Redress for Bennett Dam ordered
Indian Claims Commission rules in favor of Chipewyan

by Anne-Marie Jennings
Northern News Services

NNSL (Apr 27/98) - The Indian Claims Commission has ruled that the federal government must compensate the Athabasca Chipewyan First Nation for damage caused by construction and operation of the W.A.C. Bennett Dam in northern B.C.

In its ruling, the commission stated that all aspects of daily life had been affected by the construction of the dam.

"It is more than the First Nation's treaty rights to hunt, fish and trap for food that have been affected," the report said.

"The First Nation's very way of life and its economic lifeblood were substantially damaged as the government of Canada, armed with the full knowledge of the ecological destruction that would ensue, did nothing."

The Bennett Dam was built during the 1960s by B.C. Hydro. When the dam began operating in 1967, the downstream flow of water on the Peace River filled the Williston Lake reservoir.

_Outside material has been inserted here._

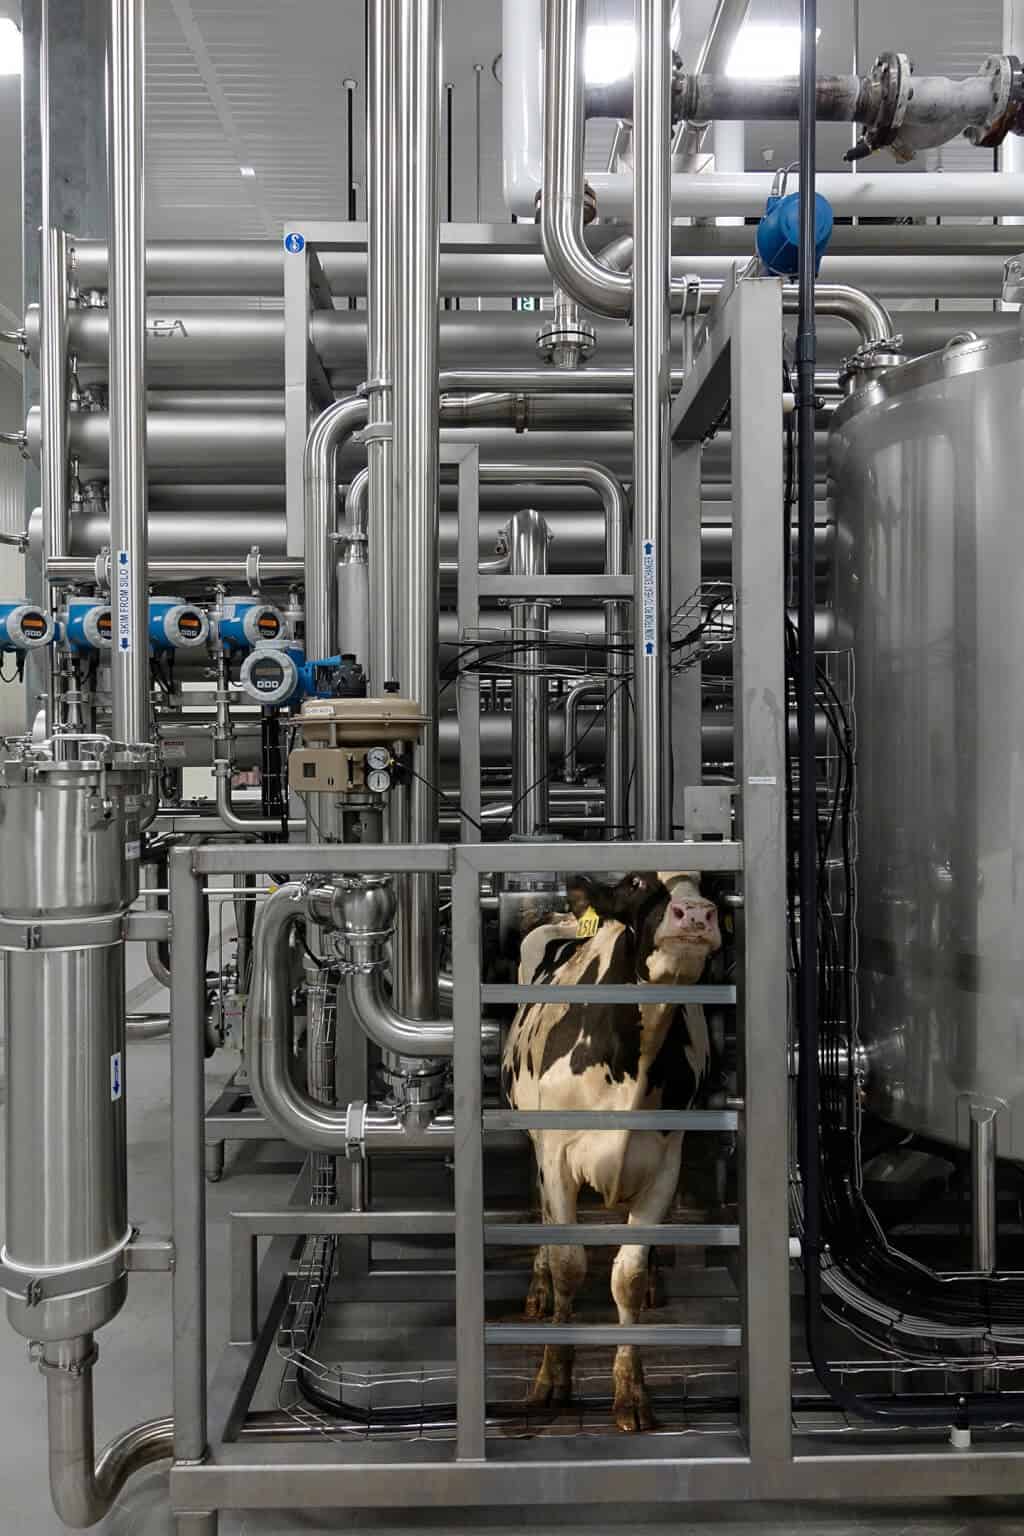 Robin Botie of Ithaca, New York, photoshops a cow trapped in the piping of a dairy products facility.

Within four years the impact on the ecology of the region was already profound.

Ottawa rejected the Athabasca Chipewyan First Nation's claim, filed under the Specific Claims Policy in 1991, arguing it does not have power or discretion to intervene in the project, and so could not mitigate or prevent damages.

But when the Indian Claims Commission reviewed the claim, the commission found the federal government did have a legal obligation to protect the environmental integrity and economic value of the land, water, and wildlife of the Peace-Athabasca Delta and the Chipewyan Reserve.

ICC co-chair James Prentice said the federal government should have worked to protect the region in the face of the dam's construction.

"The federal government had significant interests in maintaining the Delta for the benefit of future generations," Prentice said.

"By declining to take reasonable steps to prevent or mitigate environmental damages to the Delta, the Crown has forsaken the legitimate interests of all Canadians and certainly the treaty rights of the Athabasca Chipewyan."

The Athabasca Chipewyan Reserve lies completely within the Peace-Athabasca Delta, a designated World Heritage Site and one of the largest freshwater deltas in the world.

When the Reserve was first set aside in 1935, the area was recognized as an exclusive hunting, trapping and fishing area for the First Nation because of its rich environment and abundance of muskrat, game, fish and birds.

It is also the source of the water that flows North into Great Slave Lake and the Mackenzie River.